I think that racism CAN be a barrier to evangelization, but not for any of the reasons you mentioned.

Malcolm X describes how the Black Muslims did a lot of their recruiting of Christians who were exiting their churches on Sunday from Mass or other Christian services. There was a strong element of racism in the recruiting process.

This. I follow several Catholic pages on Facebook, and even some non-Catholic Christian ones, and there’s always one person that goes on a rant about how it’s “racist” to portray Jesus as white. People have commented similarly to the way Malcom X does in the OP (“White man’s God”). I keep pointing out the fact that black congregations will portray Jesus as black, Koreans will portray Him as Korean, etc. They have no problem with that, but the second someone gives Jesus lighter skin…
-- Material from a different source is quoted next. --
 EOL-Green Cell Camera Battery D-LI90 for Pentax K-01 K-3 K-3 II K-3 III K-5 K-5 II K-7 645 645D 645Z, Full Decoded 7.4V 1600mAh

and what does that have to do with the subject at hand?

That’s an overly simplistic view, though.

The image of a ‘white Jesus’ has been used against POC in western civilizations…there were people who literally believed blacks were not God’s people back in the days. They literally believed in the white man’s God. And people are still hung up on it. Movies/shows also depicts Middle Eastern as white sometimes. The ‘white Jesus’ is now the prototype instead of a culture’s representation. I’m in Asia, and most of us picture him as white. So it makes sense that there would be people who will keep pointing out that it’s likely he didn’t have fair skin or light hair.
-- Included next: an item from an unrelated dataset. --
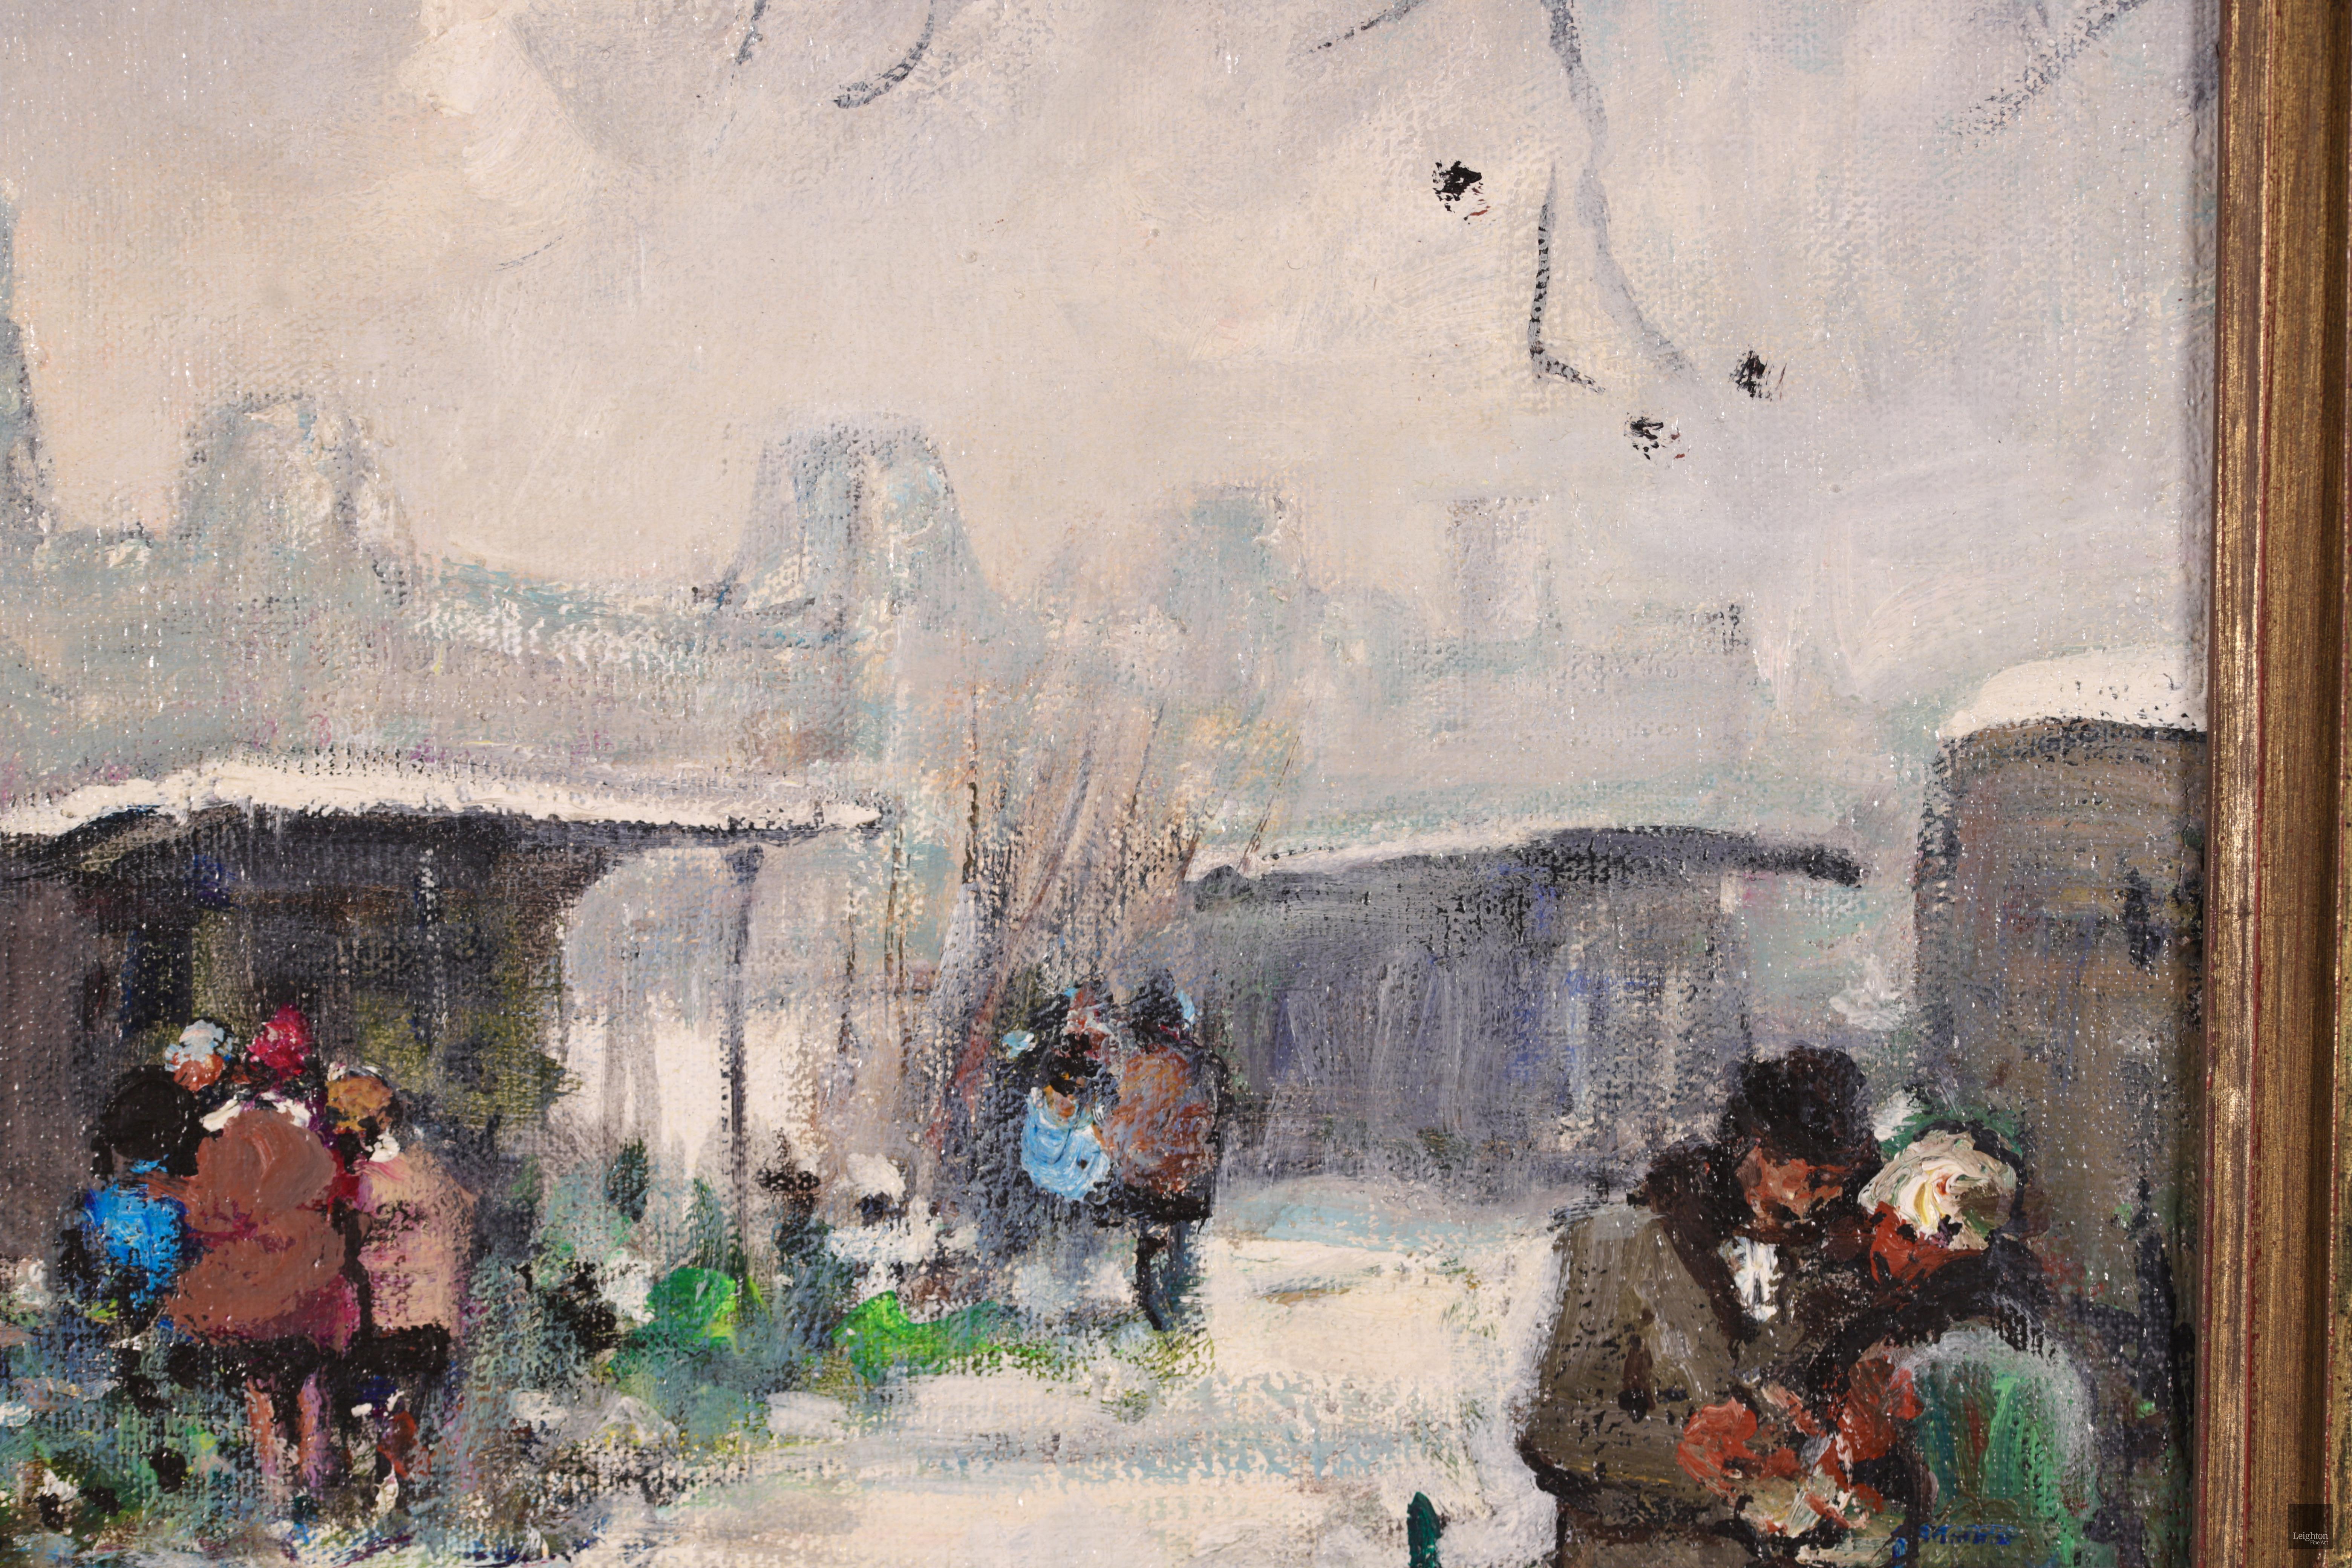 Signiertes impressionistisches figuratives Landschaftsöl auf Leinwand um 1950 von dem französischen Maler Jules Rene Herve. Die Winterlandschaft zeigt einen Weihnachtsbaummarkt, auf dem Kunden und Händler um ihre Holzhütten versammelt sind. Das

I still hold the view that cultures can depict him in the way they want but honestly, a lot of us know how Jesus looks like now and we know people of many races, I don’t see why white Jesus/black etc is still a thing. It would be refreshing to see a Jesus who actually looks Jewish/middle eastern.
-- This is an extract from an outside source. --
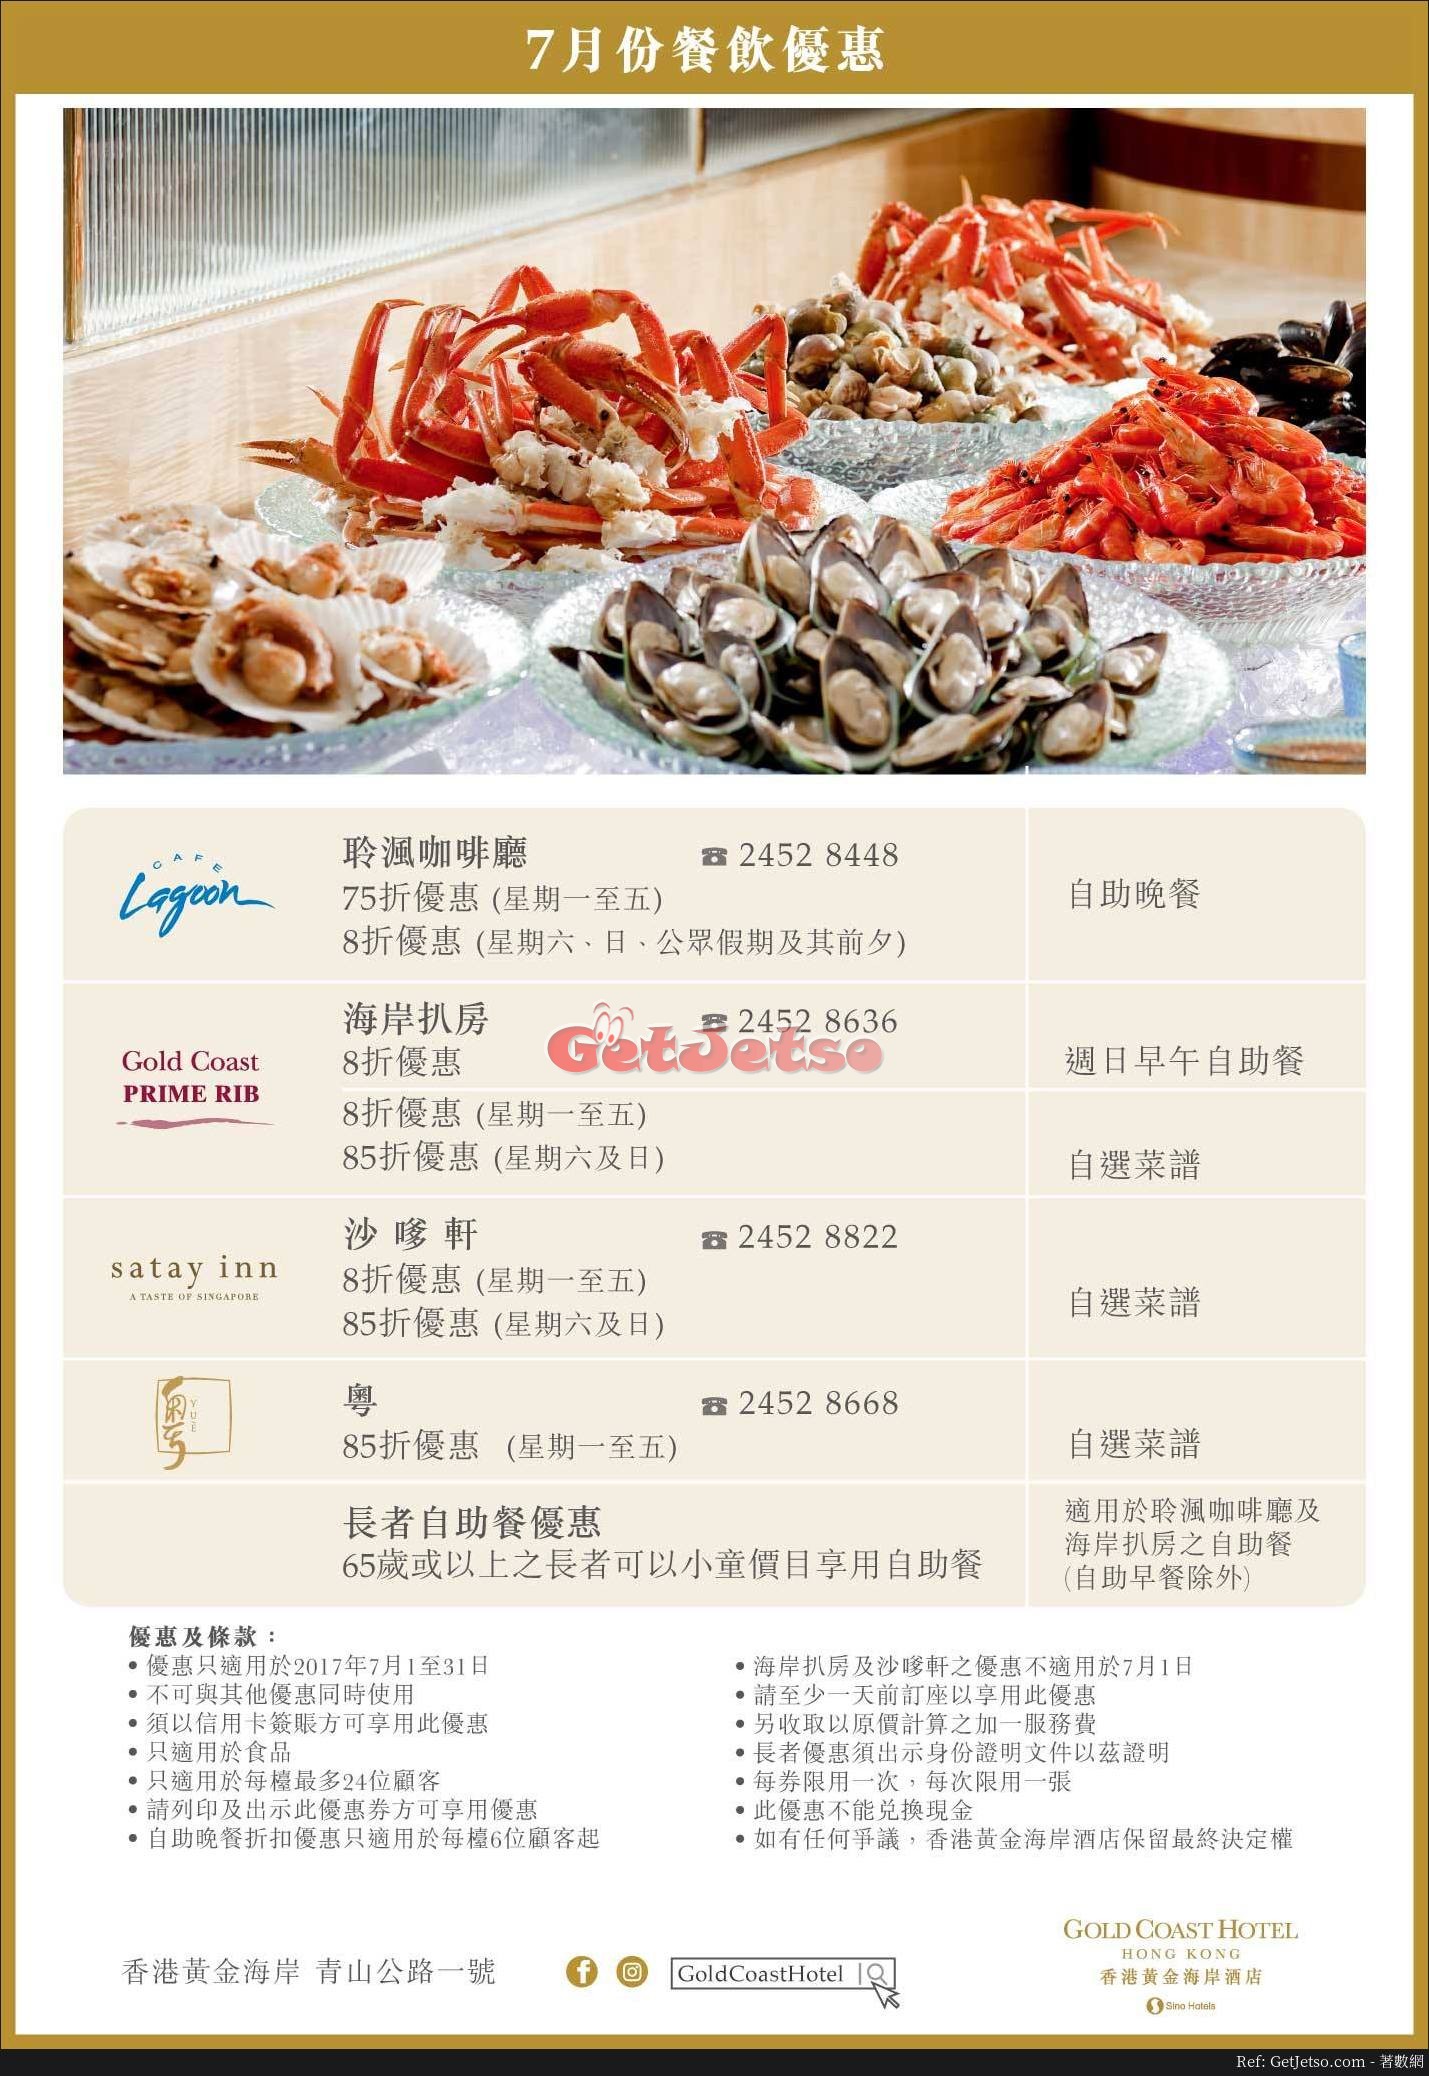 香港黃金海岸酒店7月份餐飲自助餐優惠(至17年7月31日)圖片1

But this is a little out of point. Racism is a barrier, for sure, but not because Jesus’s race is represented differently by other people. IMO I think politics is the main barrier rn. Abortion, SSM, immigration, BLM, government handouts etc are very divisive issues. I know most people associate republicans with Christians so when they disagree with say, healthcare, they think Christians are not as loving as they claim to be.

Or when conservatives bash on BLM, for those who support it, they view them as White Christians instead of just ‘conservatives’. You can call yourself a non-racist Republican, but most people on the left would think you are contradicting yourself. Which is why I think politics is the main issue at hand here.

Here’s how St Mark’s (Egyptian) Coptic Church in suburban Chicago depicts Jesus and the Apostles stmarkchicago.org/

Typically the representations reflect the culture. Malcolm X lived at a time when 90% of the country he resided in was white.

However, parts of the Middle East and Africa were Christian LONG before much of Europe and by extension Oceania & North America were.

If one’s main argument against Christianity is that it’s a “white man’s” religion, it fails on all fronts and shows whatever one is arguing for has not much merit.

One of the bigger problems lately is that race is now the new golden calf for a lot of Americans.